AIM OF THE EXERCISE
Leaving the pictures aside, reproduce the data in full and word for word.

RAW DATA

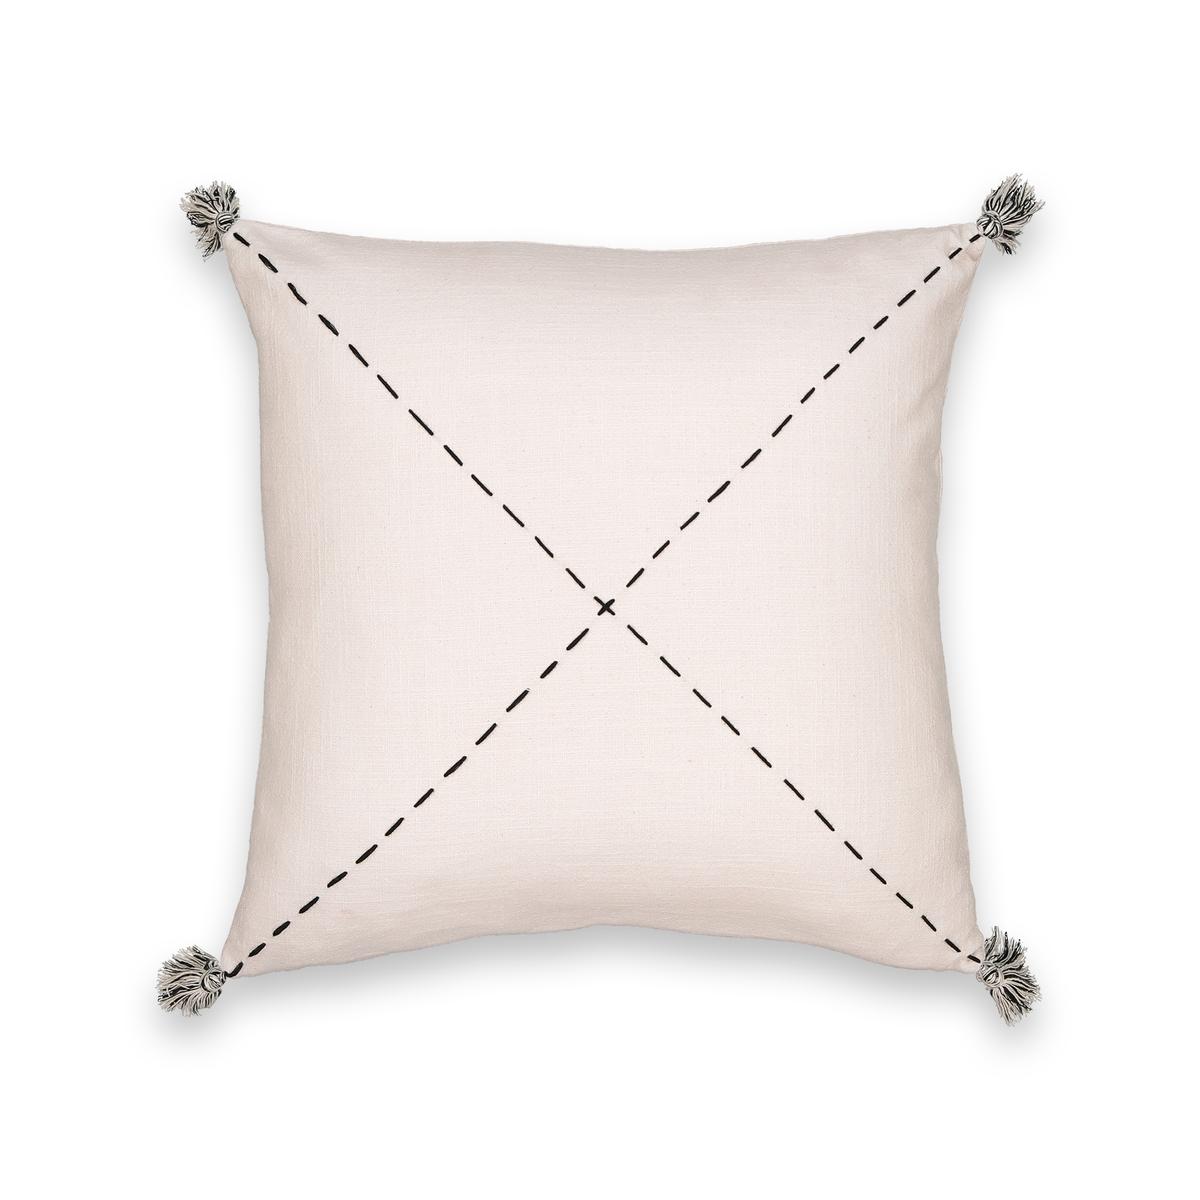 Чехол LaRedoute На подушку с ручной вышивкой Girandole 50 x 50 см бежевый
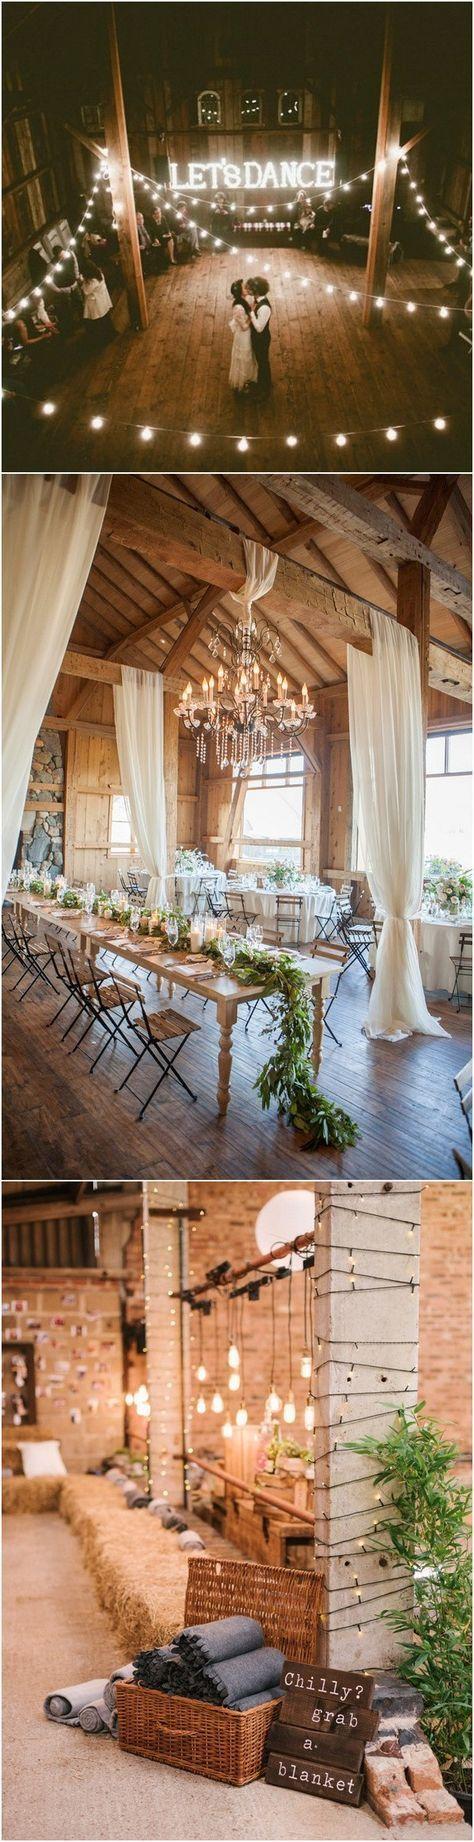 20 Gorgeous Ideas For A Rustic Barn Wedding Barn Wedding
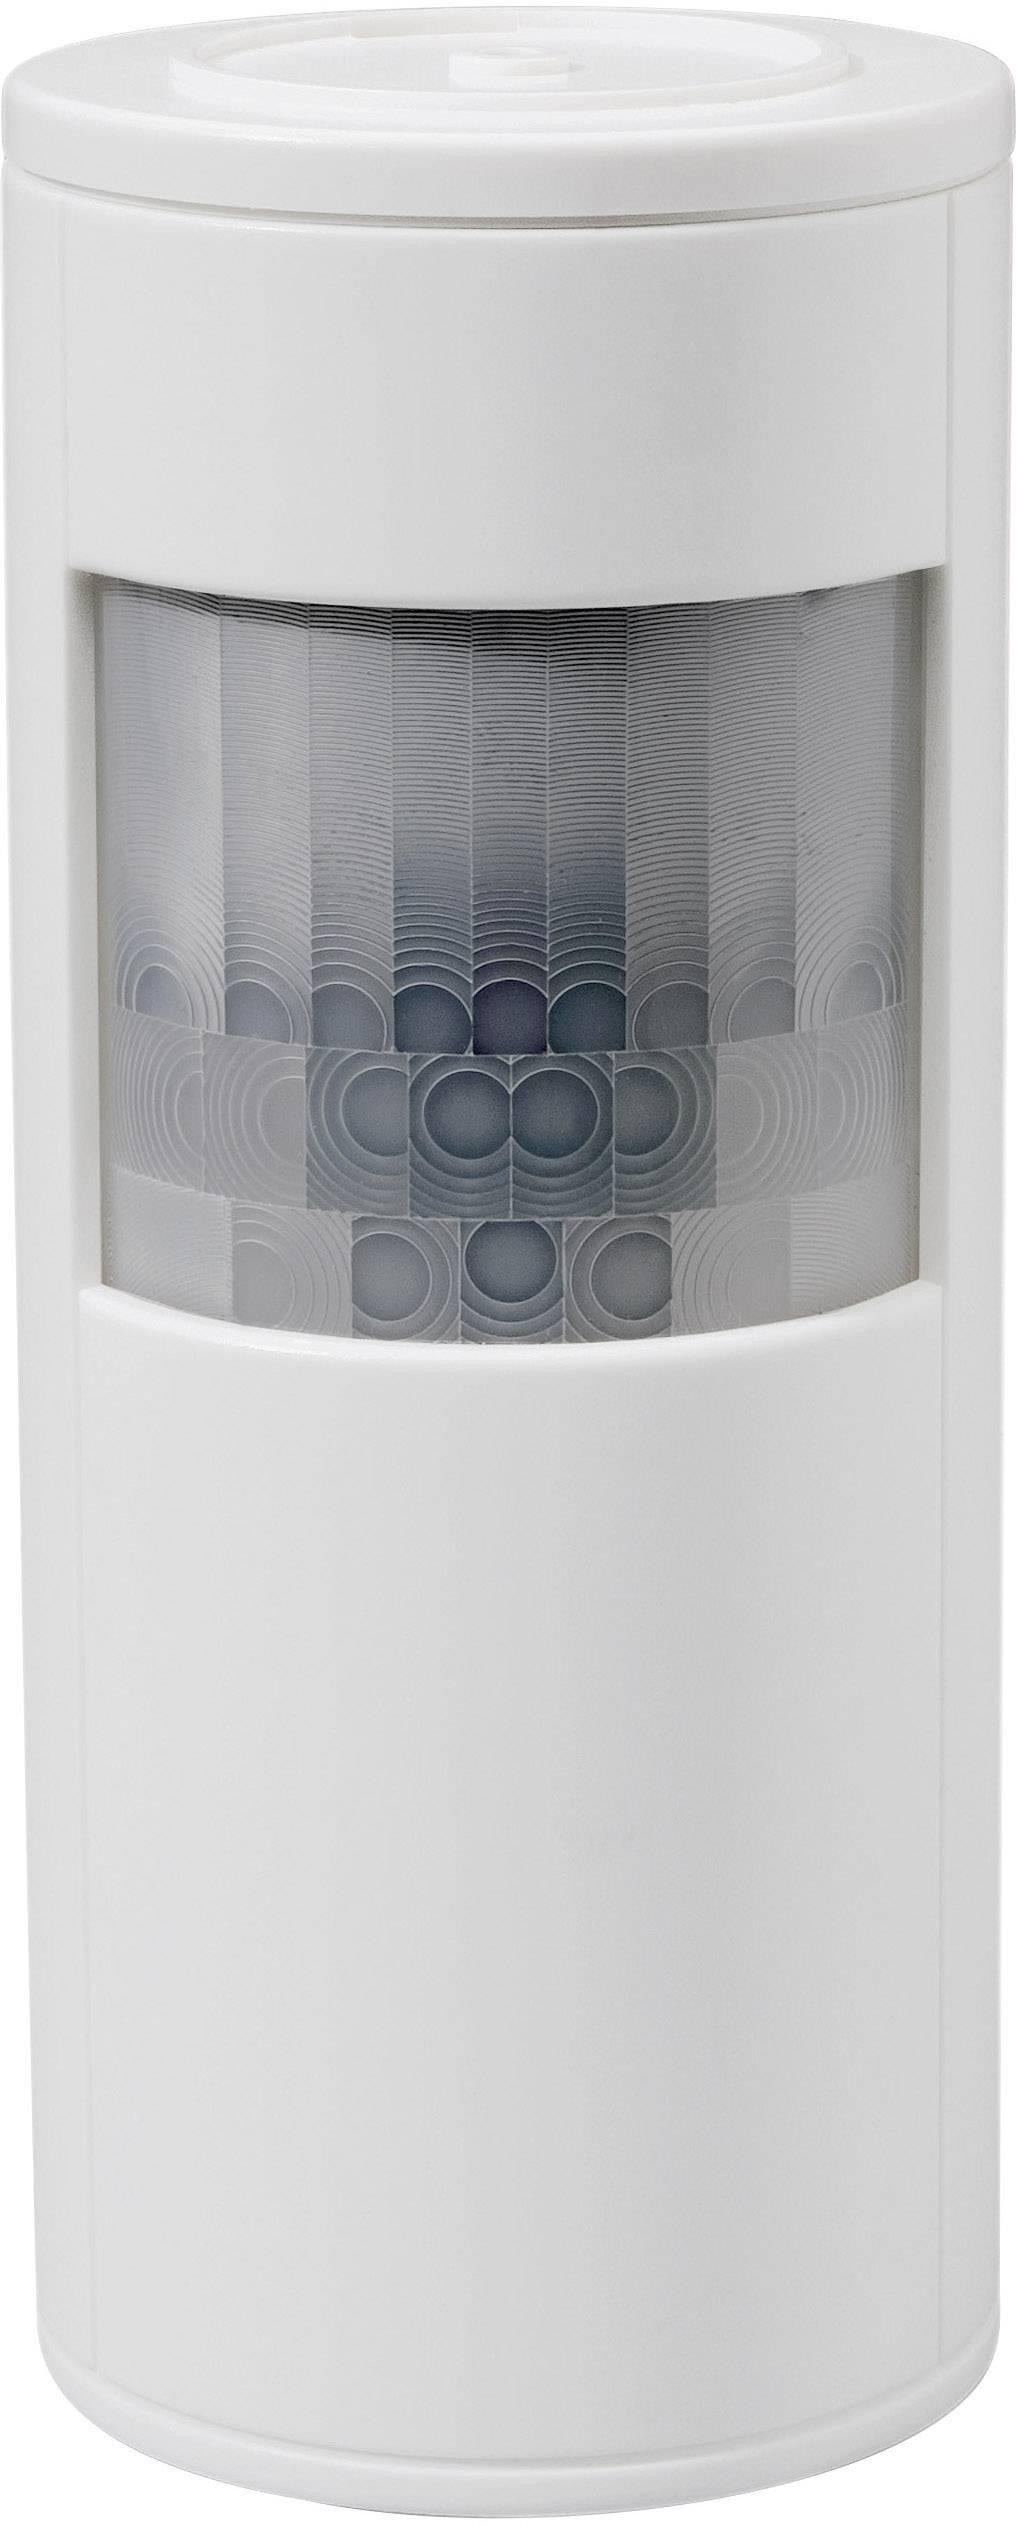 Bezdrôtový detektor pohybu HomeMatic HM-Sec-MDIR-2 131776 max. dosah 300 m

EXERCISE OUTPUT
 Чехол LaRedoute На подушку с ручной вышивкой Girandole 50 x 50 см бежевый
 20 Gorgeous Ideas For A Rustic Barn Wedding Barn Wedding
 Bezdrôtový detektor pohybu HomeMatic HM-Sec-MDIR-2 131776 max. dosah 300 m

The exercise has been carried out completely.